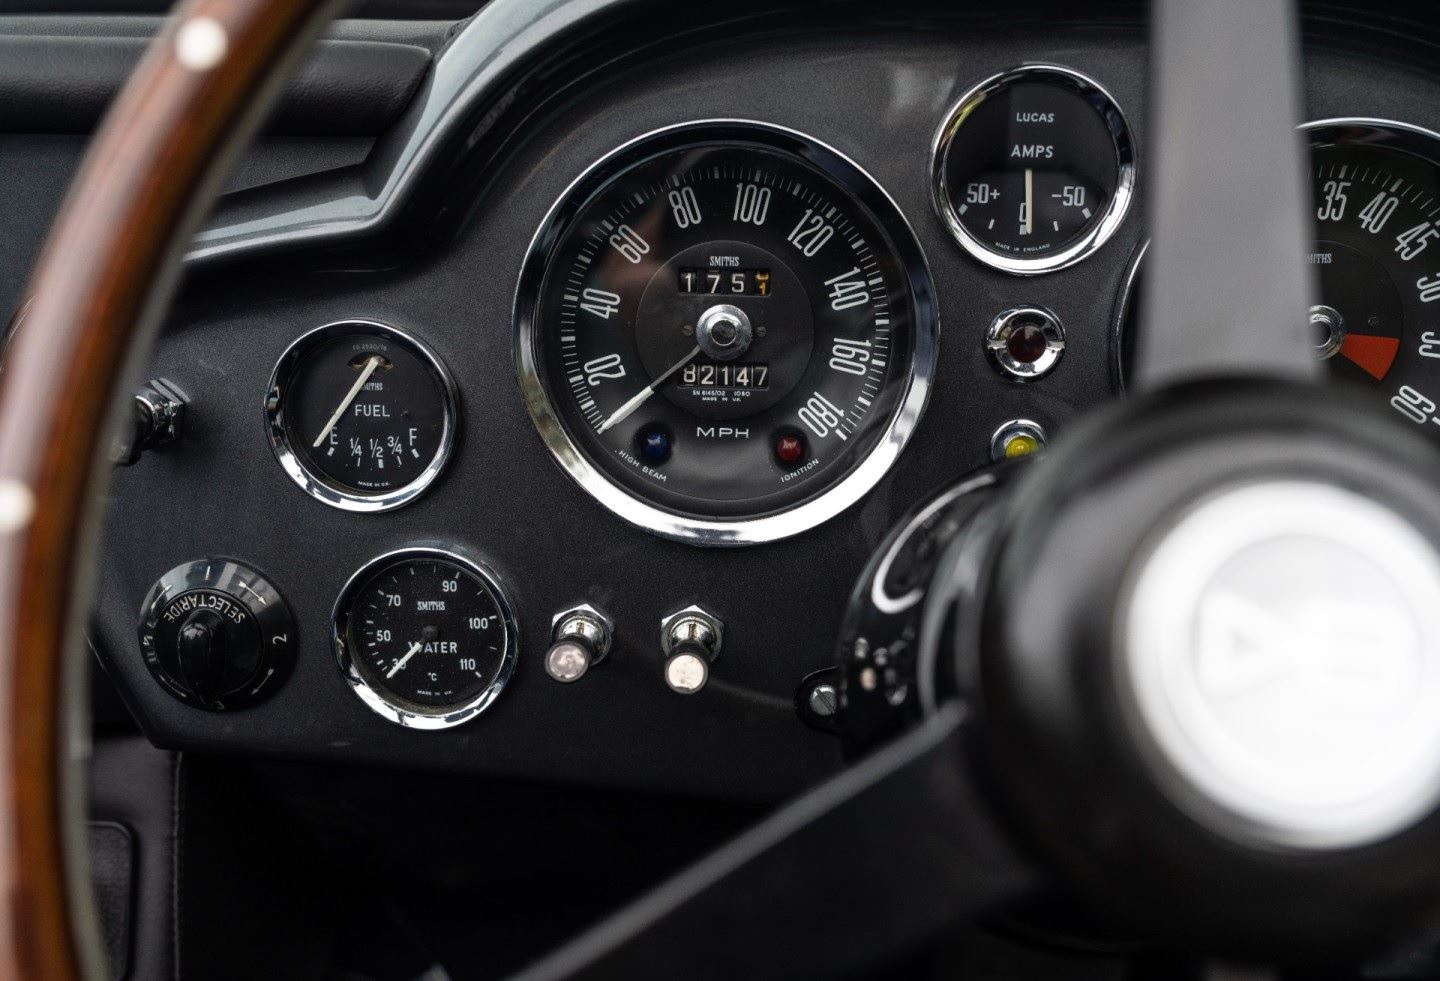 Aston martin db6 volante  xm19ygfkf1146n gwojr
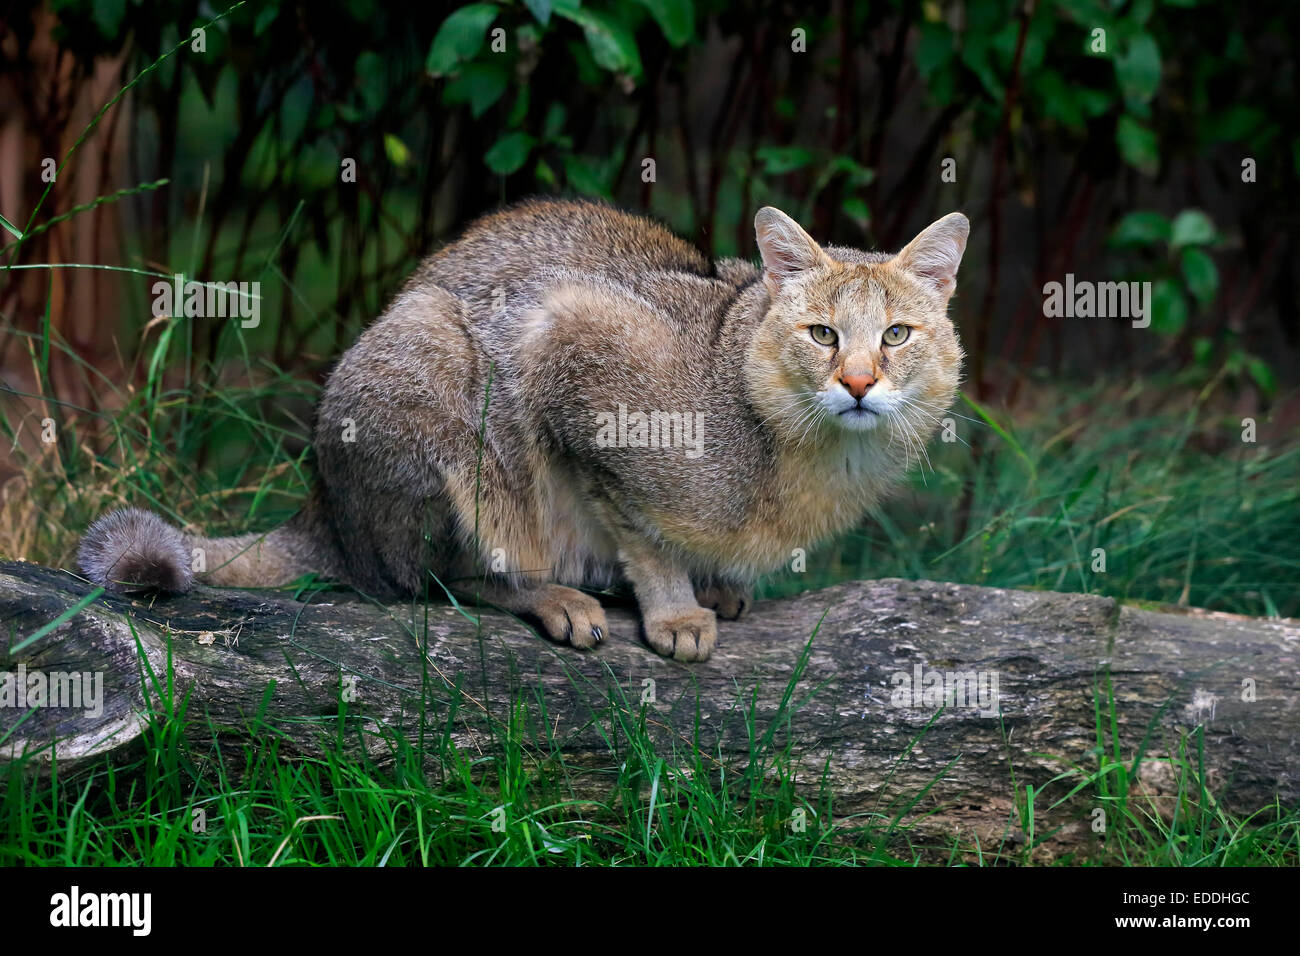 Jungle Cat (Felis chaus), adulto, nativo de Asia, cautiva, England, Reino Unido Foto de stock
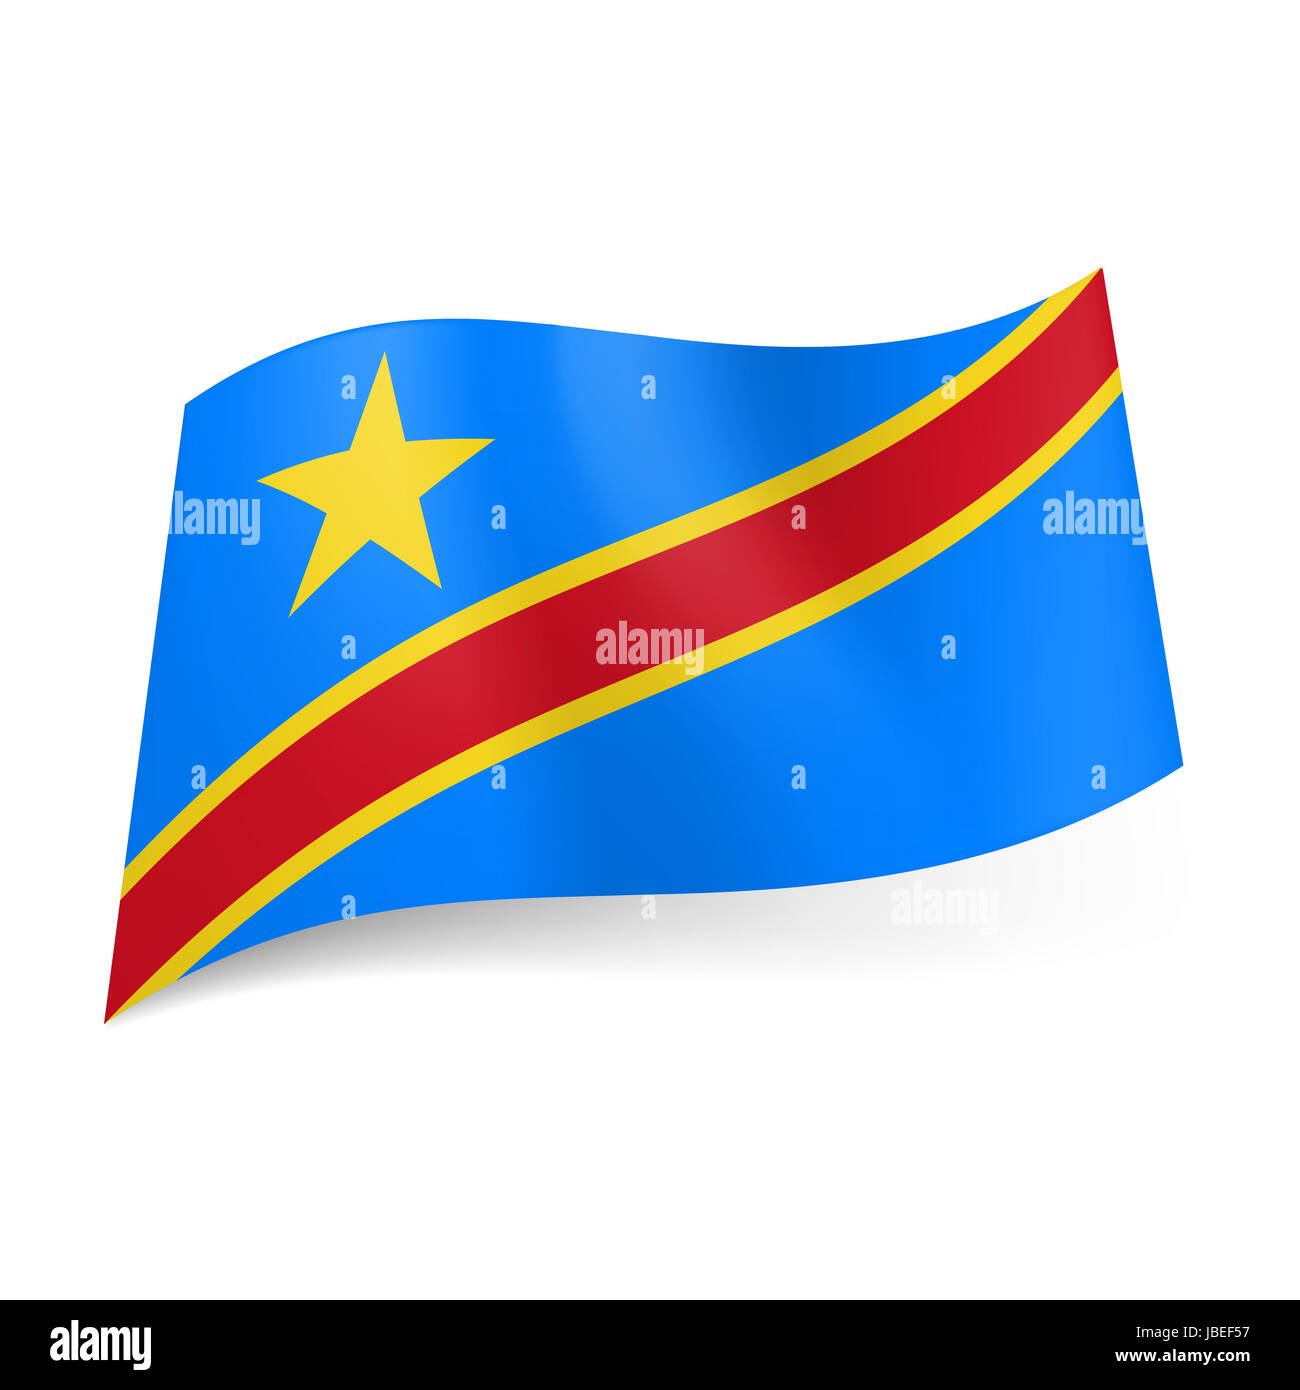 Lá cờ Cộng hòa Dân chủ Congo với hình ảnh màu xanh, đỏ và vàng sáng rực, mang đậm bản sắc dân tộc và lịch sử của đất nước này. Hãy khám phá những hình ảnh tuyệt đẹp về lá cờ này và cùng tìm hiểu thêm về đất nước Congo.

- **EXERCISE**
Exclude all pictures and reproduce verbatim the lines running from the line that contains "Jungle Cat (Felis" to the end of the data above, both ends included.

- **OUTPUT**
 Jungle Cat (Felis chaus), adulto, nativo de Asia, cautiva, England, Reino Unido Foto de stock
 Lá cờ Cộng hòa Dân chủ Congo với hình ảnh màu xanh, đỏ và vàng sáng rực, mang đậm bản sắc dân tộc và lịch sử của đất nước này. Hãy khám phá những hình ảnh tuyệt đẹp về lá cờ này và cùng tìm hiểu thêm về đất nước Congo.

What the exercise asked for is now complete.